■ WHAT YOU WILL DO:
Make an exact copy of the whole listing, but leave its pictures out.

■ DATA SECTION:
###

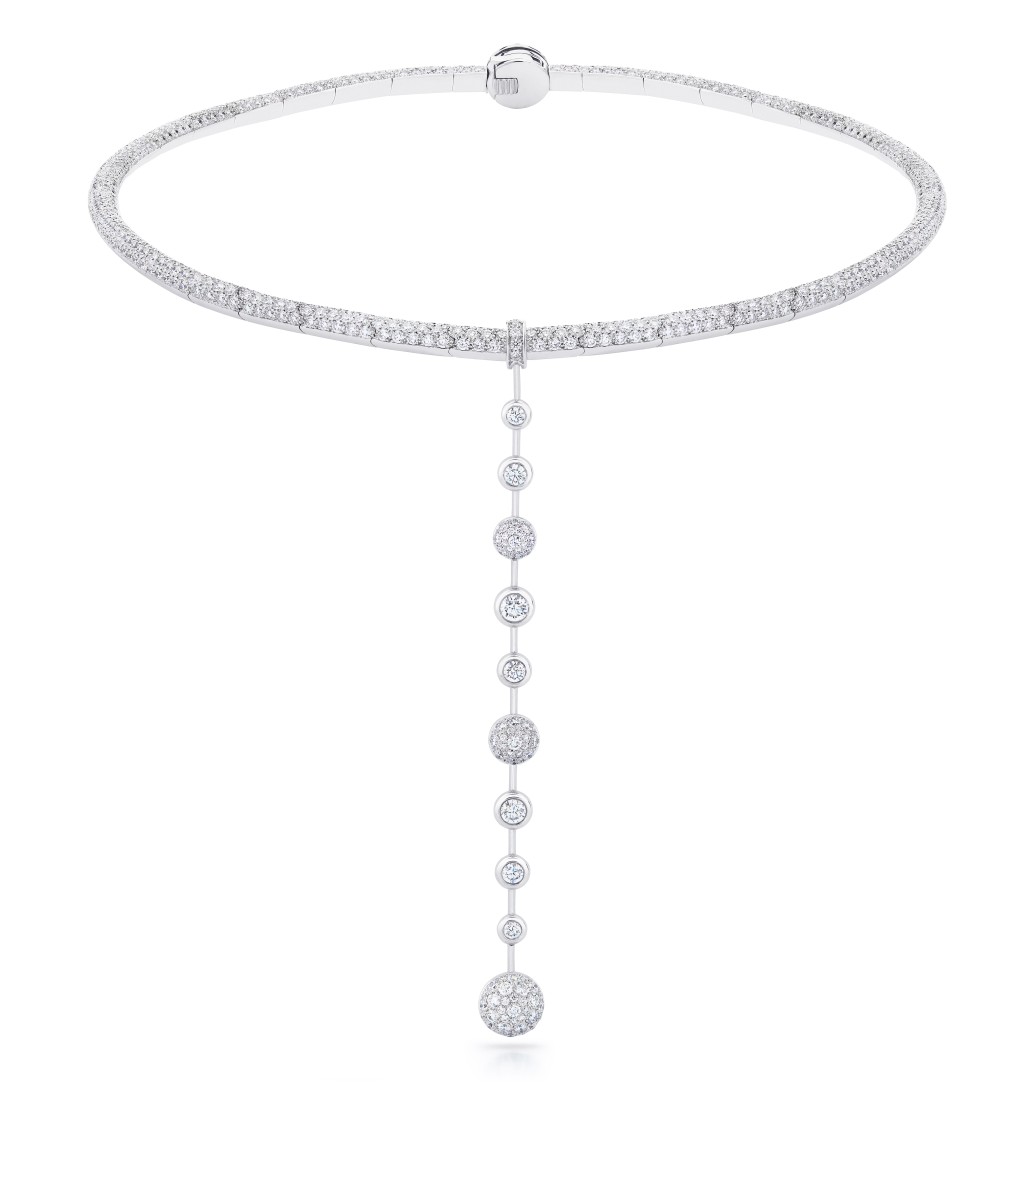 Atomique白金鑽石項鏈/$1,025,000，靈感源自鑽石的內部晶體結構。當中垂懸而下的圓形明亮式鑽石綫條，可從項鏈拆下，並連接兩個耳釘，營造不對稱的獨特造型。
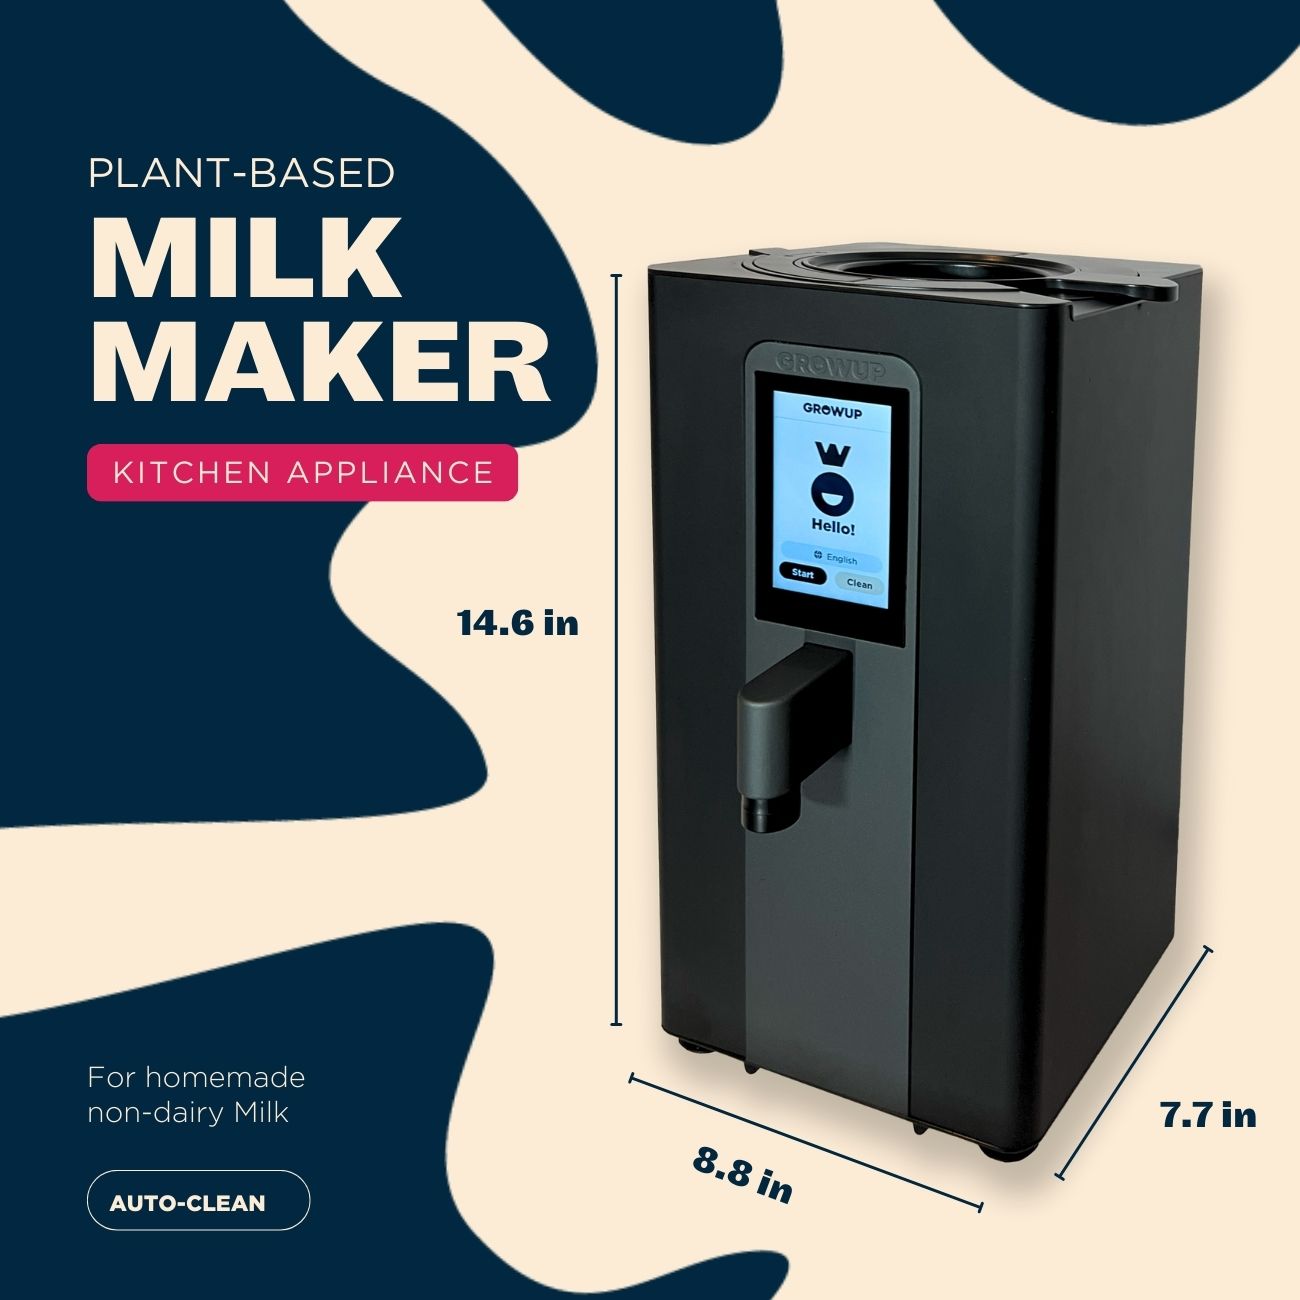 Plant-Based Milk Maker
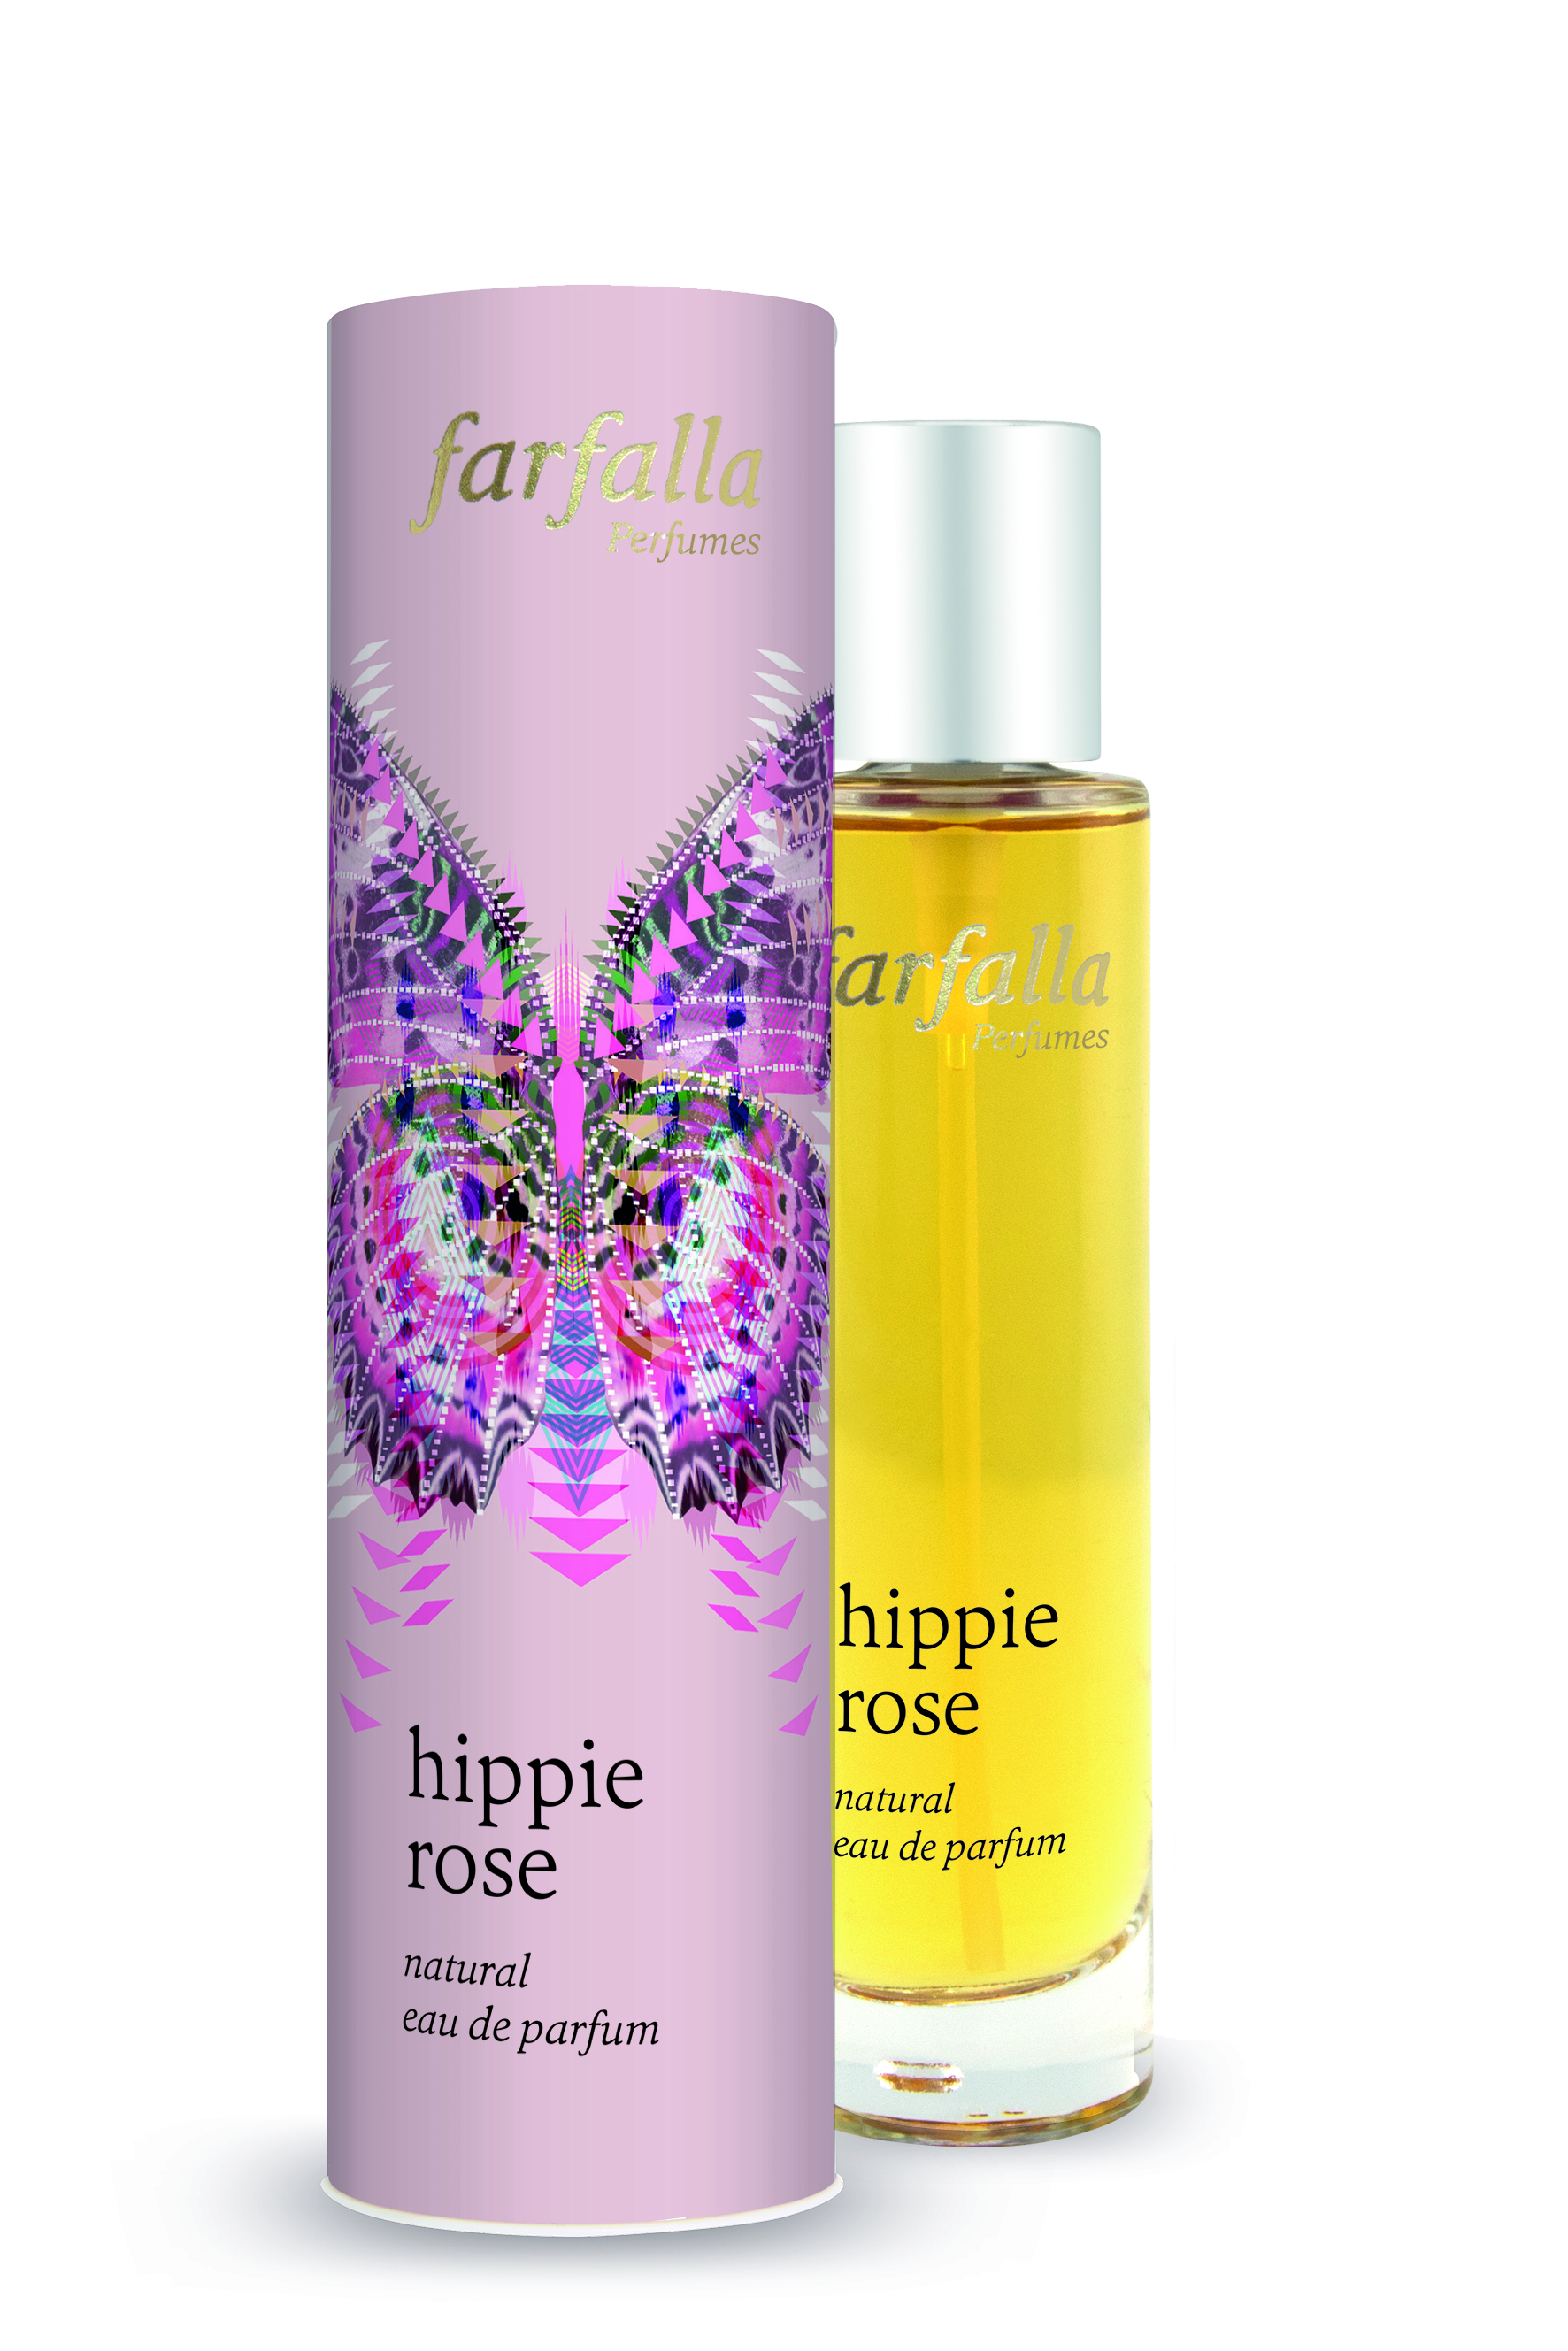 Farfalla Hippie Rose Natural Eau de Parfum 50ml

###

■ ANSWER BELOW:
 Atomique白金鑽石項鏈/$1,025,000，靈感源自鑽石的內部晶體結構。當中垂懸而下的圓形明亮式鑽石綫條，可從項鏈拆下，並連接兩個耳釘，營造不對稱的獨特造型。
 Plant-Based Milk Maker
 Farfalla Hippie Rose Natural Eau de Parfum 50ml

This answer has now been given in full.